Что до Юзефовича — в его романах давно уже не было, как я выразился однажды, разговаривая с этим, глубоко почитаемым мной автором, ни хороших или плохих героев, ни плохих или хороших времен.

Комментируя сказанное мной, Юзефович процитировал своего товарища, сказавшего как-то: "В прошлое нужно внимательно всматриваться, а не вперять в него укоряющий взгляд".

Пока другие "вперяли взгляд", Юзефович с непременным и каким-то античным спокойствием описывал чекистов, белогвардейцев, барона фон Унгерна, да всех, кто попадал в поле зрения. И за каждым героем, и за их поступками были видны серьезные попытки автора постичь человека во временах, а не расставить многомудро и снисходительно оценки людям, жившим до нас.

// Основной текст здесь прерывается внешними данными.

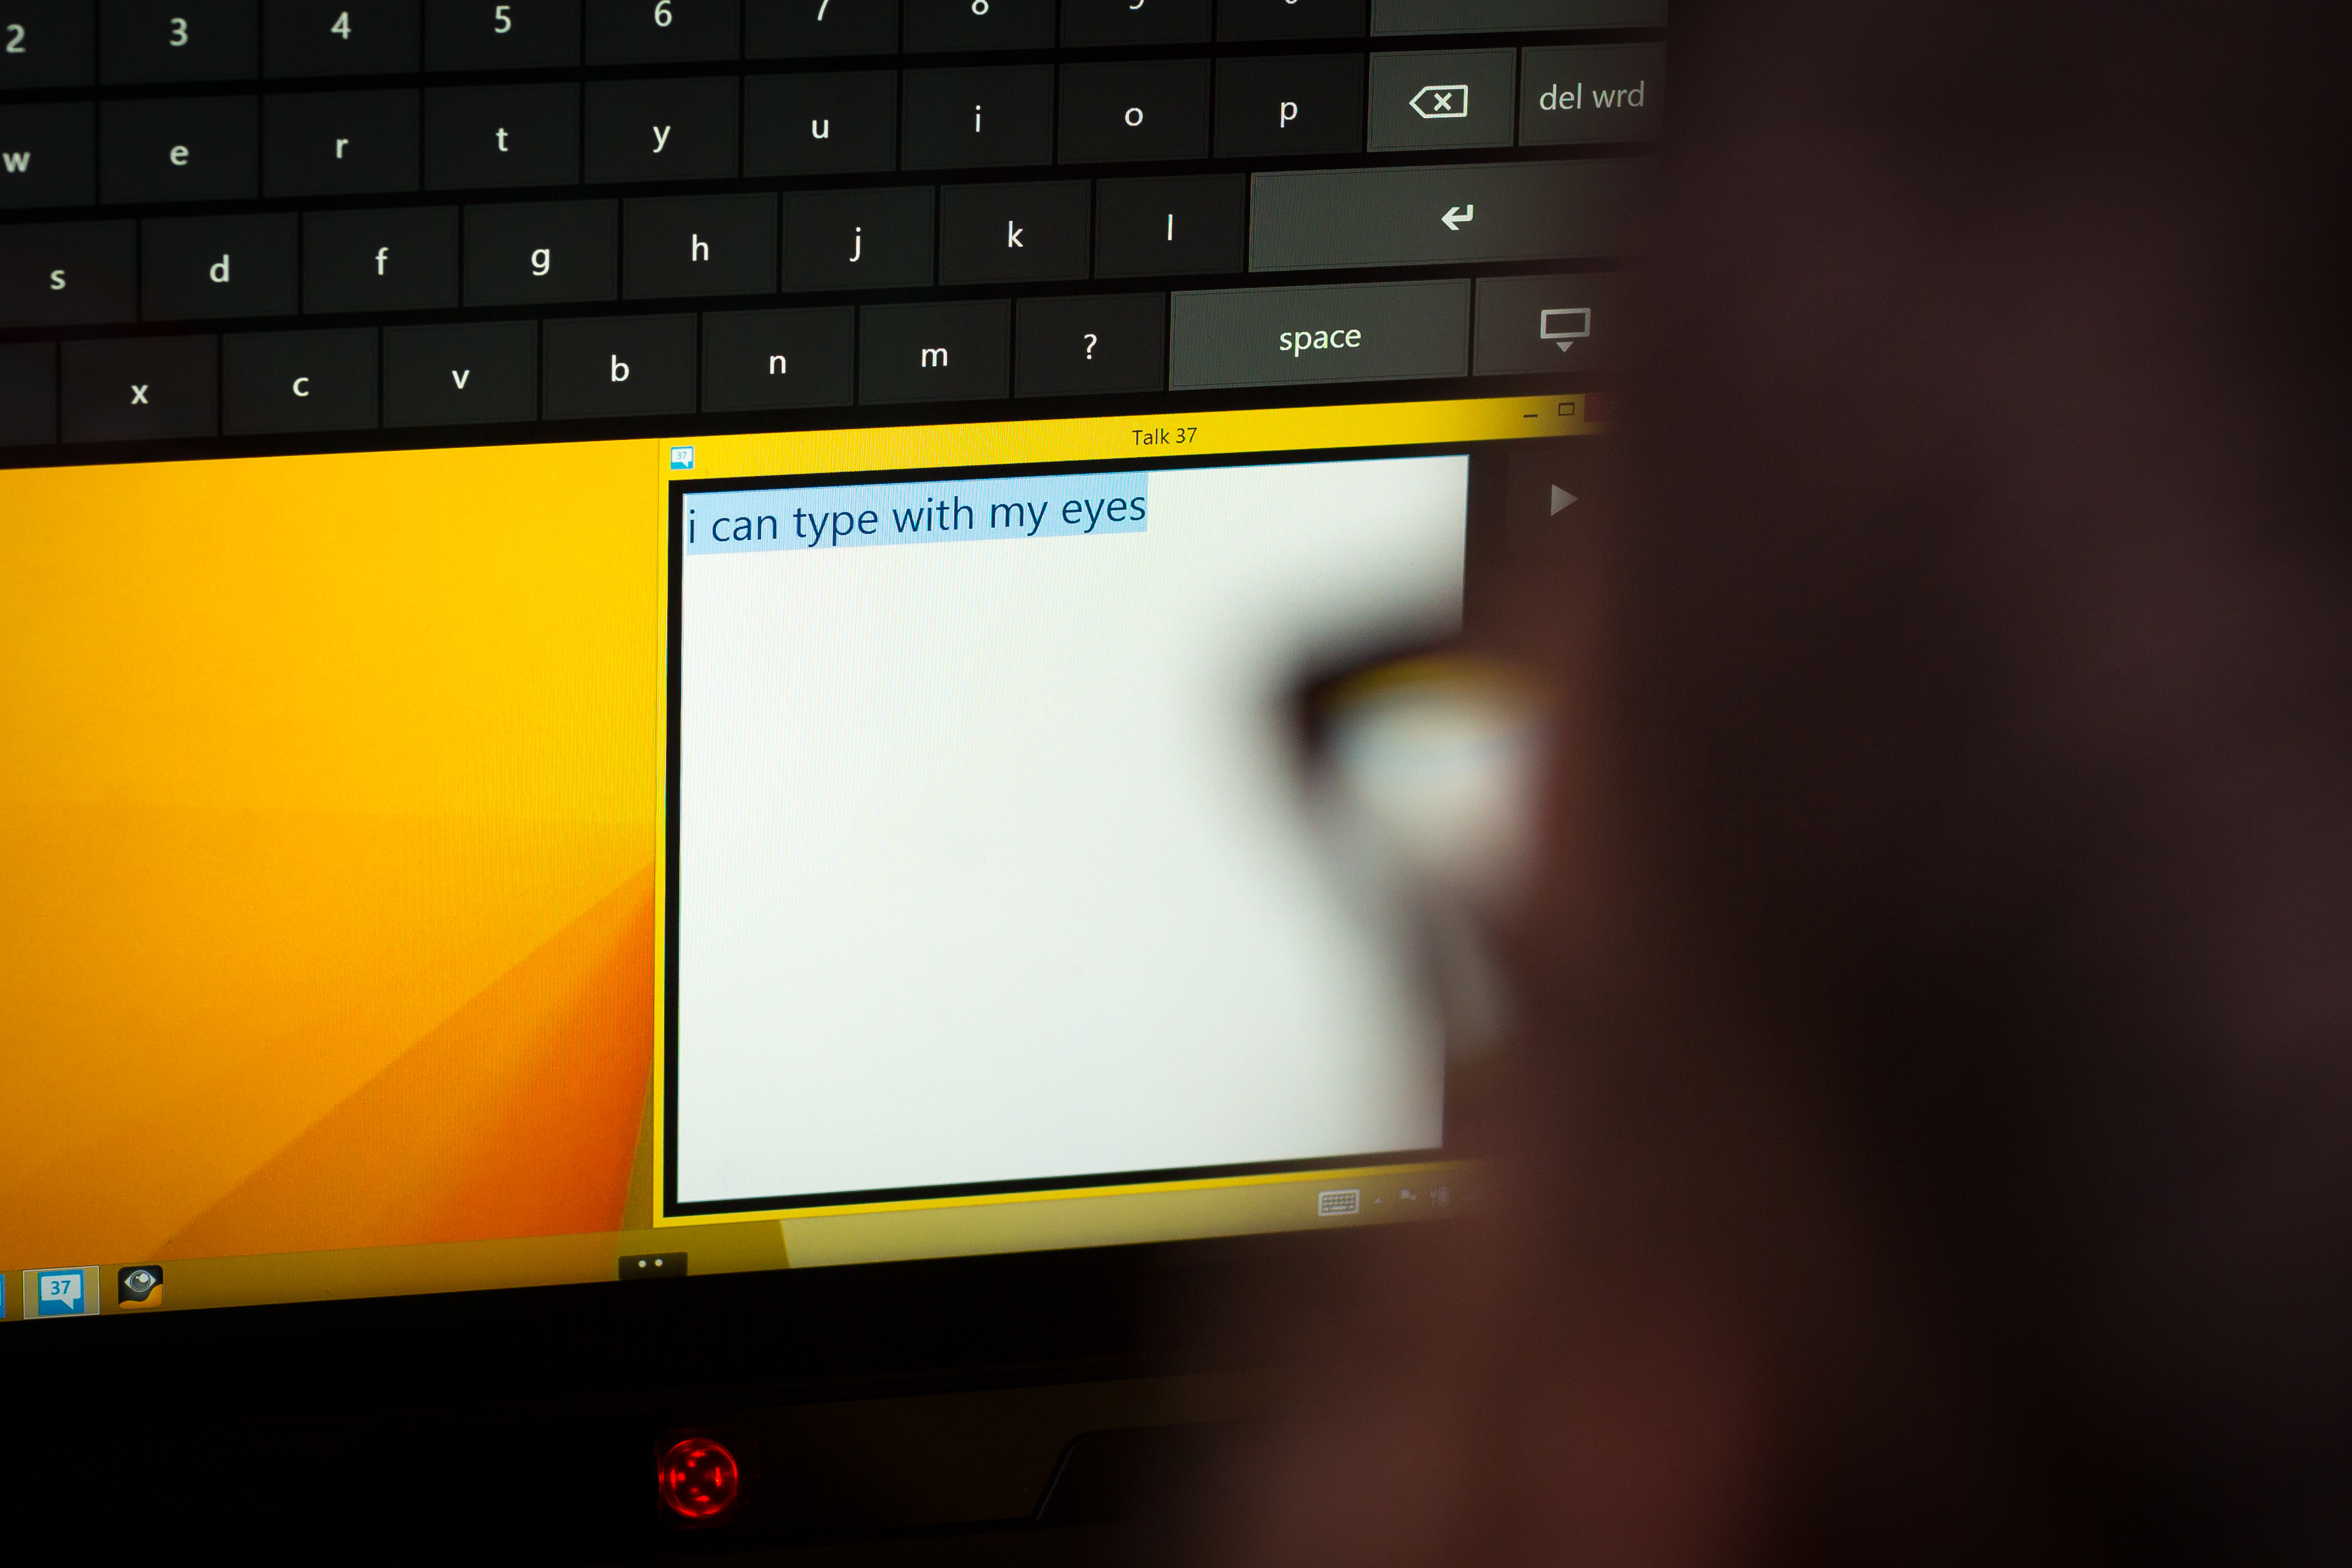 Software engineer lead Jay Beavers uses his team’s speech-generating device. Credit: Scott Eklund

Наконец, Леонид Абрамович принялся и за наши дни: вода отстоялась и стал различим ландшафт дна.

К слову сказать, о подмеченном некоторыми чрезмерно въедливыми критиками несовпадении сюжетных пластов в романе "Журавли и карлики" Юзефович сказал мне в том же интервью: "Что касается рифмовки событий, то это заложено в истории, как созвучия — в языке. Чем у поэта богаче словарный запас, тем неожиданнее рифма. Чем более широкой исторической реальностью оперирует прозаик, тем больше он видит таких совпадений. При этом важно не впадать в грех аналогии. Прошлое может многое сказать о настоящем не потому, что похоже на него, а потому, что в нем заметнее вечное".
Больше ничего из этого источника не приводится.